Description of the task. Set the images aside and retype the whole listing exactly.

Data block.
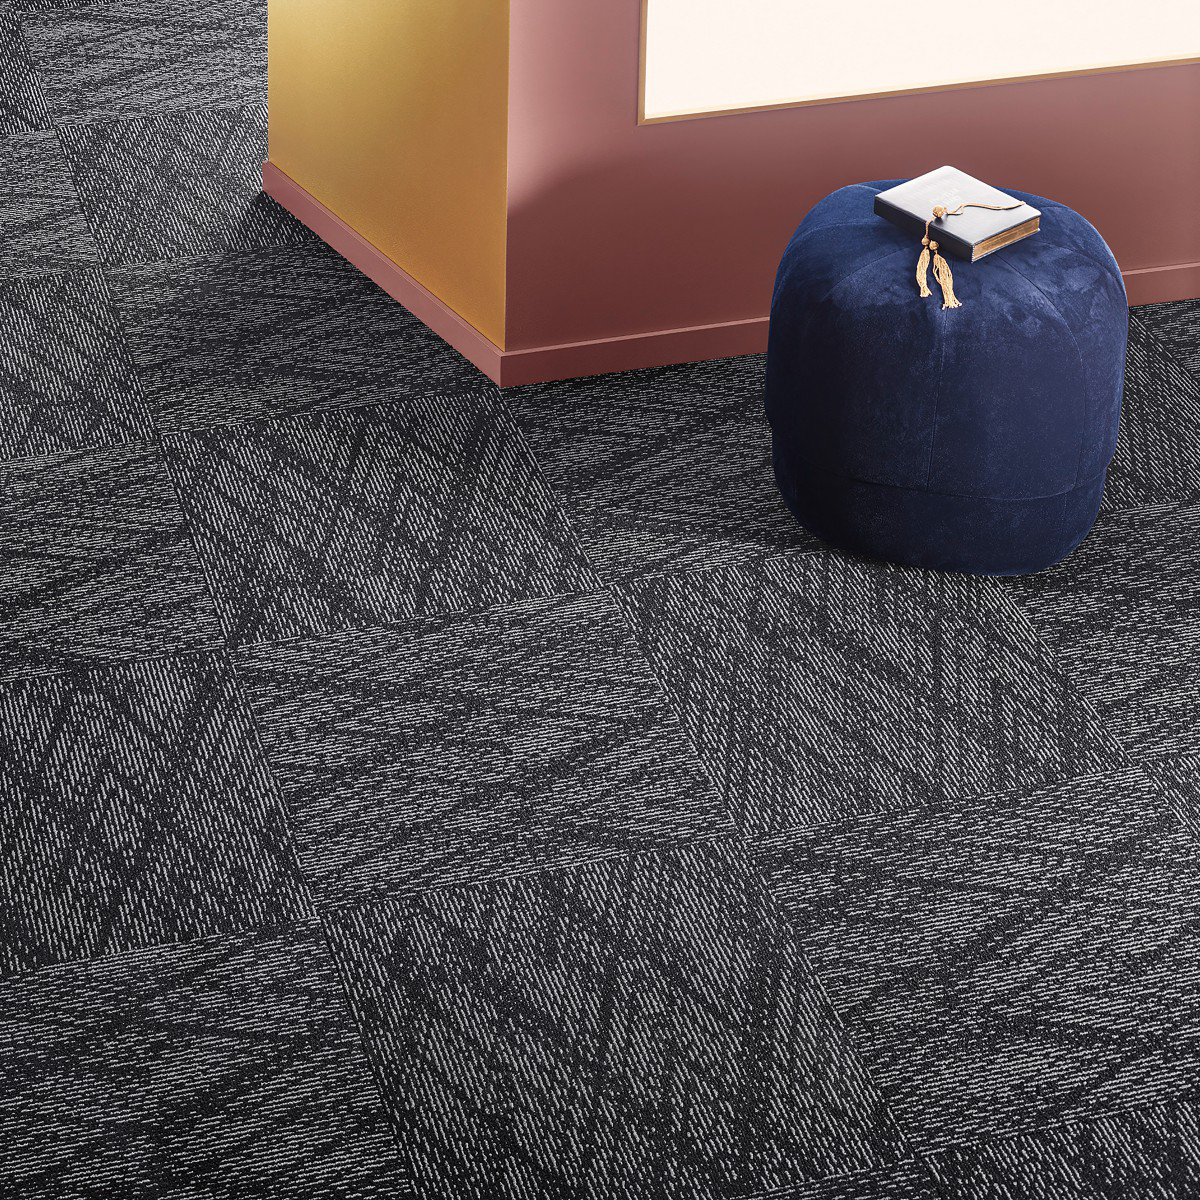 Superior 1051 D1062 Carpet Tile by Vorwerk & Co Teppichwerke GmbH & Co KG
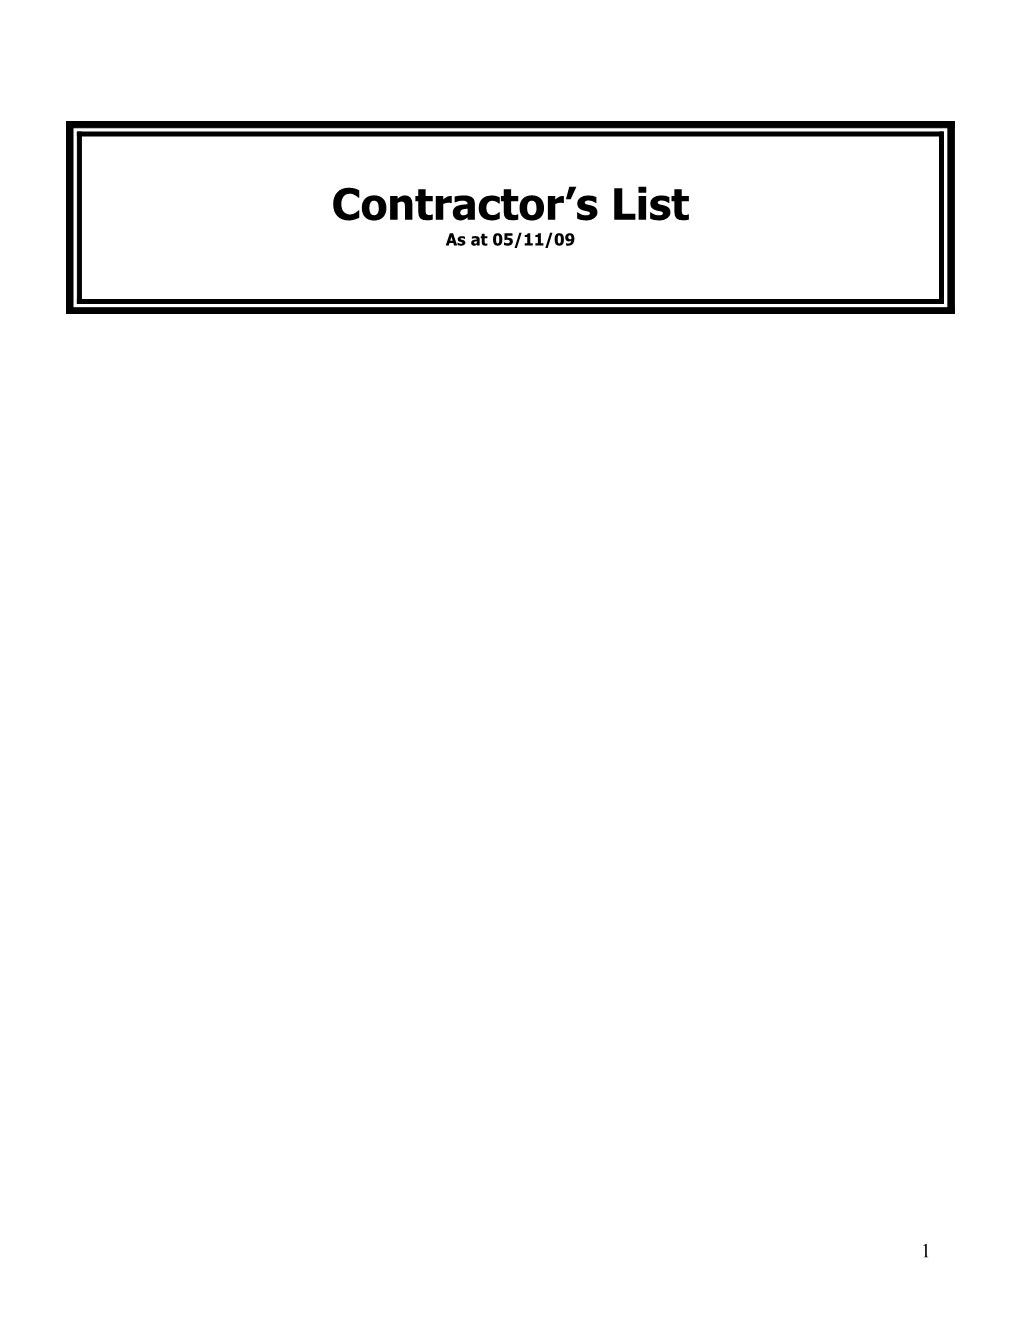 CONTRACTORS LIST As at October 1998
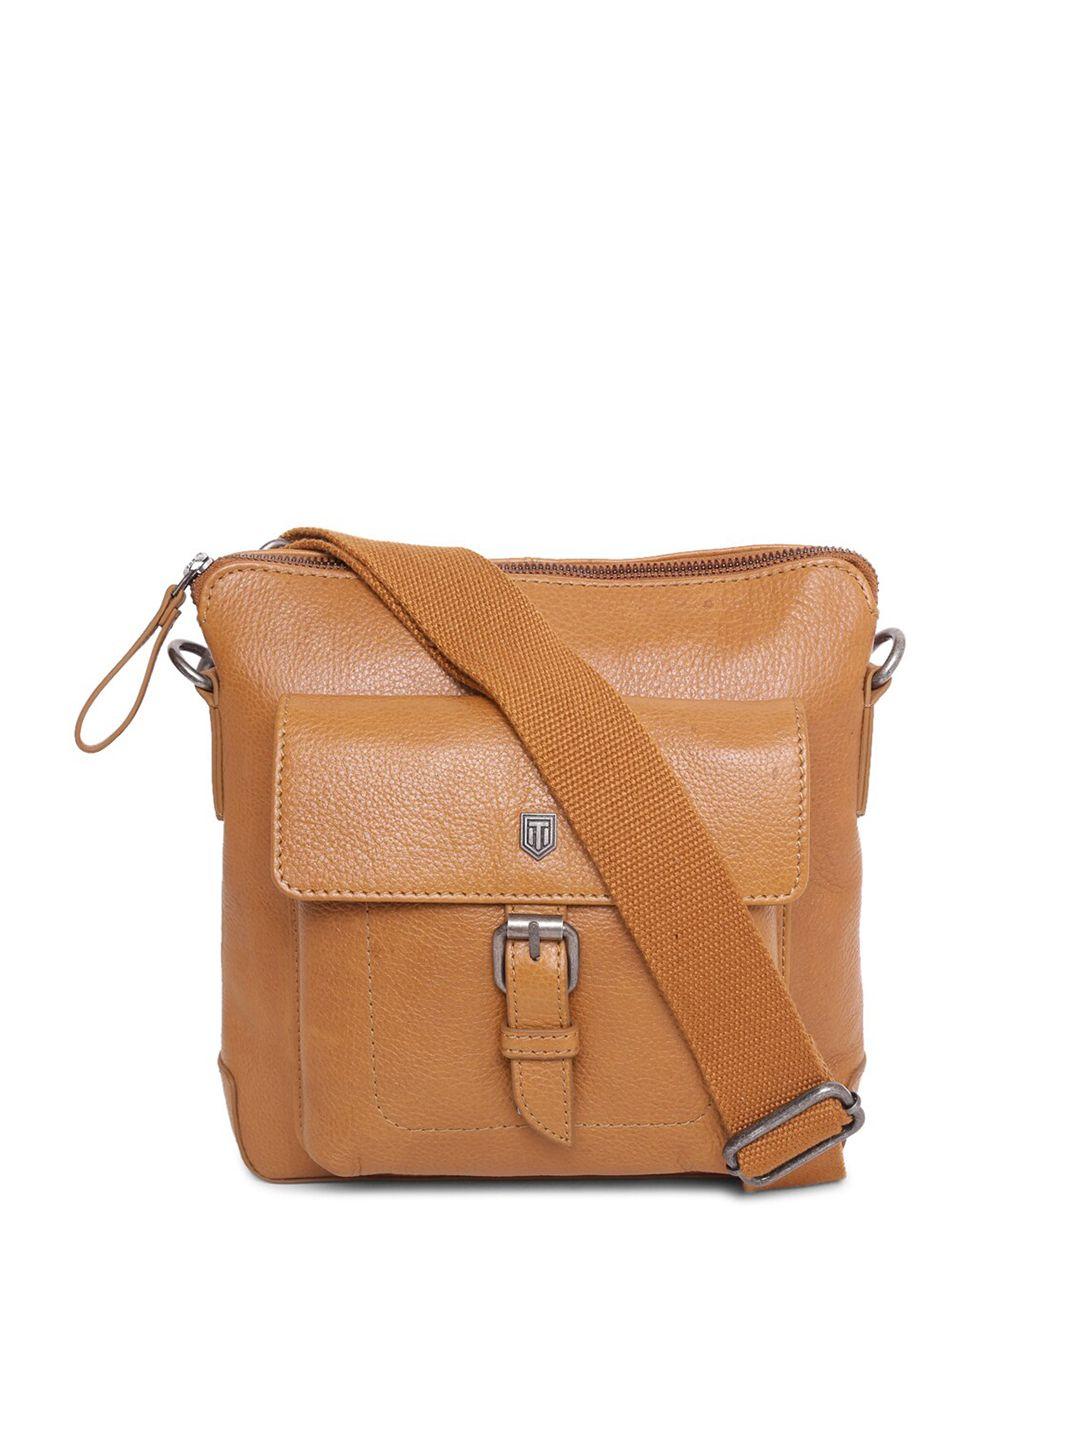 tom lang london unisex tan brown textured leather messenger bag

Solution to this problem.
 Superior 1051 D1062 Carpet Tile by Vorwerk & Co Teppichwerke GmbH & Co KG
 CONTRACTORS LIST As at October 1998
 tom lang london unisex tan brown textured leather messenger bag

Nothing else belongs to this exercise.